Justyna Wahl betreibt ihr Spielwarengeschäft Lilofee direkt am Görlitzer Park.Benjamin Pritzkuleit

Menschen werden ausgeraubt und belästigt. Drogen werden vertickt und konsumiert. Das ist leider Alltag im Görlitzer Park in Berlin-Kreuzberg. Um der immer weiter steigenden Kriminalität entgegenzuwirken, soll der Görli voraussichtlich Anfang nächsten Jahres eingezäunt und über Nacht geschlossen werden.

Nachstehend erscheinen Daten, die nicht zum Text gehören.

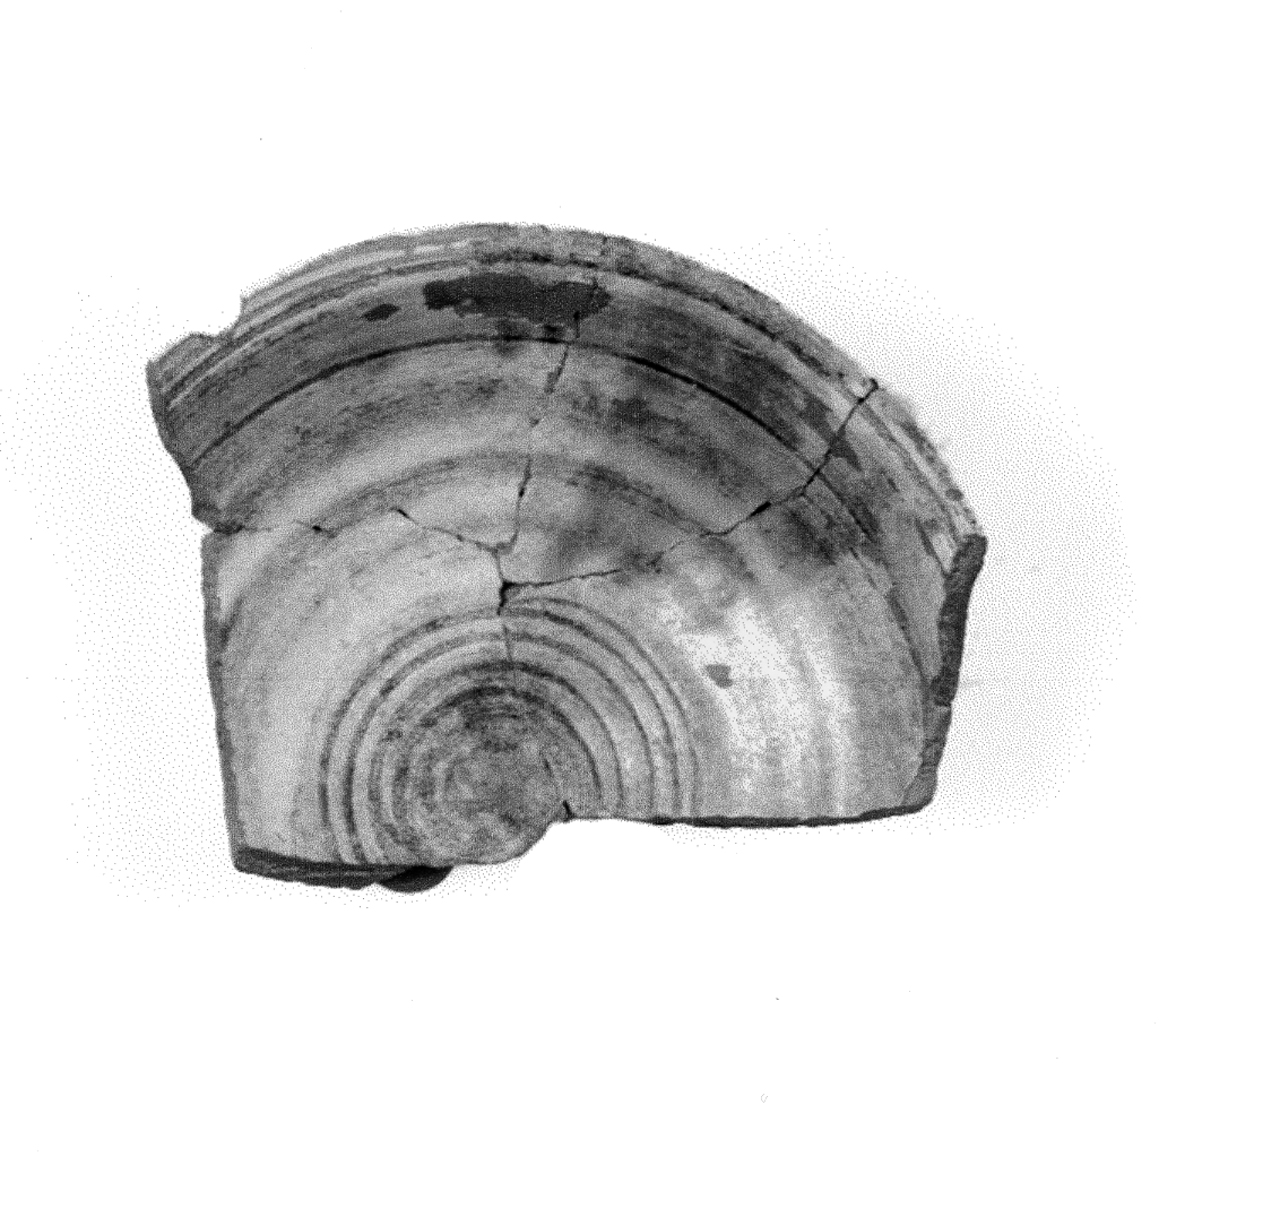 scodella - manifattura veneziana (metà sec. XIII d.C)

Als Berlins Regierender Bürgermeister Kai Wegner (CDU) und Innensenatorin Iris Spranger (SPD) diesen Plan vorgestellt haben, hatten viele Anwohner den Gedanken: Wird das Problem so nicht bloß in den umliegenden Kiez verlagert? Zu ihnen gehört auch Justyna Wahl, die direkt am Görlitzer Park einen Laden hat. Im KURIER-Interview berichtet sie von ihren Erfahrungen – und wieso sie den geplanten Zaun für eine Fehlentscheidung hält.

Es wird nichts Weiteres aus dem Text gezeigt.